Paris: German Chancellor Angela Merkel on Thursday challenged the U.S. economic model saying the world should examine the massive debt accumulated by that country and other economic imbalances instead of focussing only on problems caused by financial markets. She was speaking at a conference on the future of capitalism jointly organised here by French President Nicolas Sarkozy and the former British Prime Minister, Tony Blair.

The meet brought together economists, heads of government, and leading members of civil society. India was represented by Commerce Minister Kamal Nath. Nobel Prize winning economists Amartya Sen and Joseph Stiglitz were among the speakers.

"An immoral system"

Opening the two-day conference, Mr. Sarkozy blamed financial speculators for encouraging a system fuelled on debt. He called financial capitalism based on speculation "an immoral system" that had "perverted the logic of capitalism."

"It's a system where wealth goes to the wealthy, where work is devalued, where production is devalued, where entrepreneurial spirit is devalued," he said.

The difference

Ms. Merkel singled out the American budget deficit and China's current account surplus — the difference between exports and imports — as problems upsetting the global economy. "We would be making an error if we were content to look solely at financial markets," she said.

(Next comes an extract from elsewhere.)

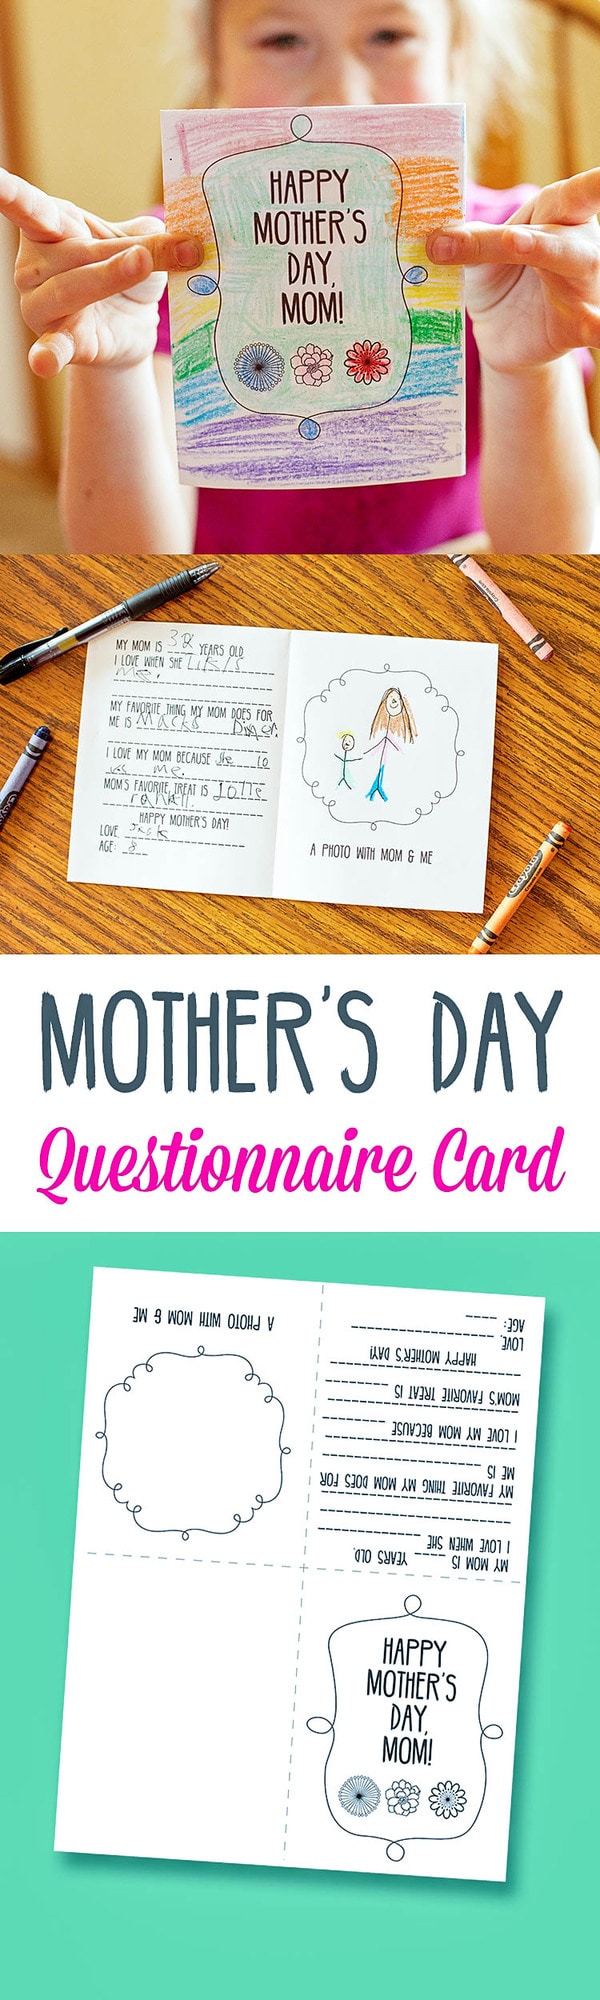 Mother's Day Questionnaire Fill-In Card Printable - cute idea for the kids to make on Mother's Day!

In a severe critique of policies adopted by most governments including the U.S. and several European states — Germany has stubbornly refused to follow the British and French example of injecting massive doses of taxpayer money into expensive bailouts — she deplored huge debts that governments are accumulating to spend their way out of the present crisis. However Ms. Merkel conceded that there seemed to be "no other possibility" for the moment.

France's ambition

This conference is a reflection of France's ambition to create a new model for capitalism in the aftermath of the global financial crisis. Initially billed as a summit, the Paris meeting titled "New World: Values, Development and Regulation" was downgraded to a conference with no decision-making powers after the Czech Republic, which took over the European Union's six-month rotating presidency on January 1, expressed some irritation at continued French grandstanding. Mr. Sarkozy wants to play a continued leadership role in the eurozone. As a result of the downgrading, very few world leaders chose to attend — in addition to Mr. Sarkozy and Ms. Merkel, only Liberian President Ellen Johnson-Sirleaf was present.

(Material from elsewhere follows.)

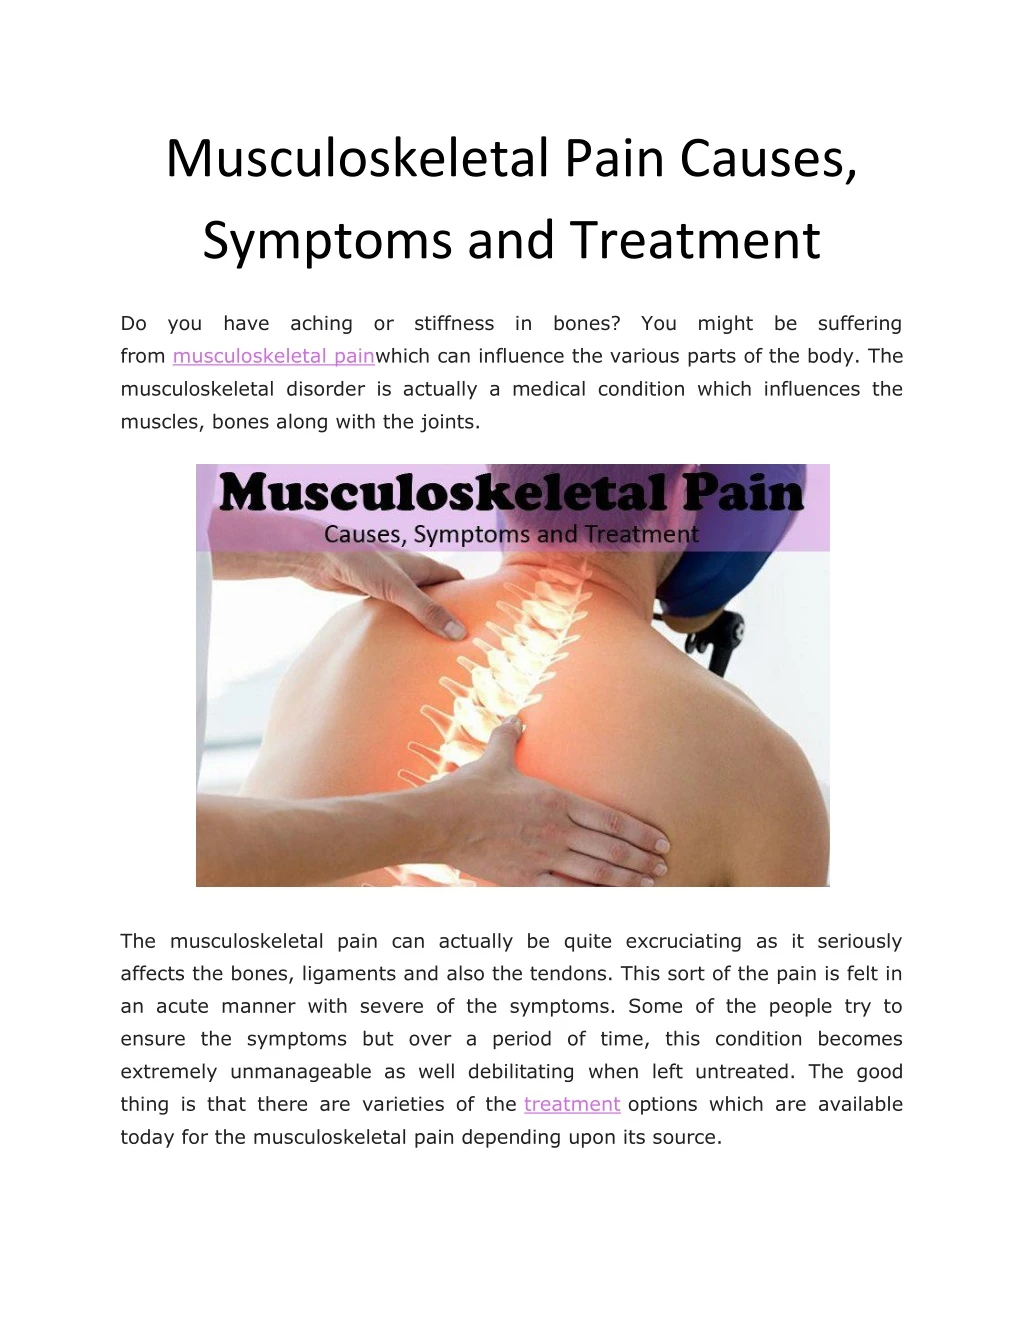 musculoskeletal pain causes symptoms and treatment

"Change investment pattern"

Mr. Blair told participants that investment patterns must be changed.

"We must invest in the future," Mr. Blair said, and called for funds to be put into renewable energy, science, innovation and education.

Mr. Kamal Nath criticised subsidies offered by developed countries, especially in the agricultural sector, as a factor that prevented a just and homogeneous development of globalisation that was inclusive. He described "ensuring distributive justice" as being "one of the biggest challenges" facing India. "We have to look at globalisation as calibrated globalisation and talk about flaws in the system," Mr. Kamal Nath said.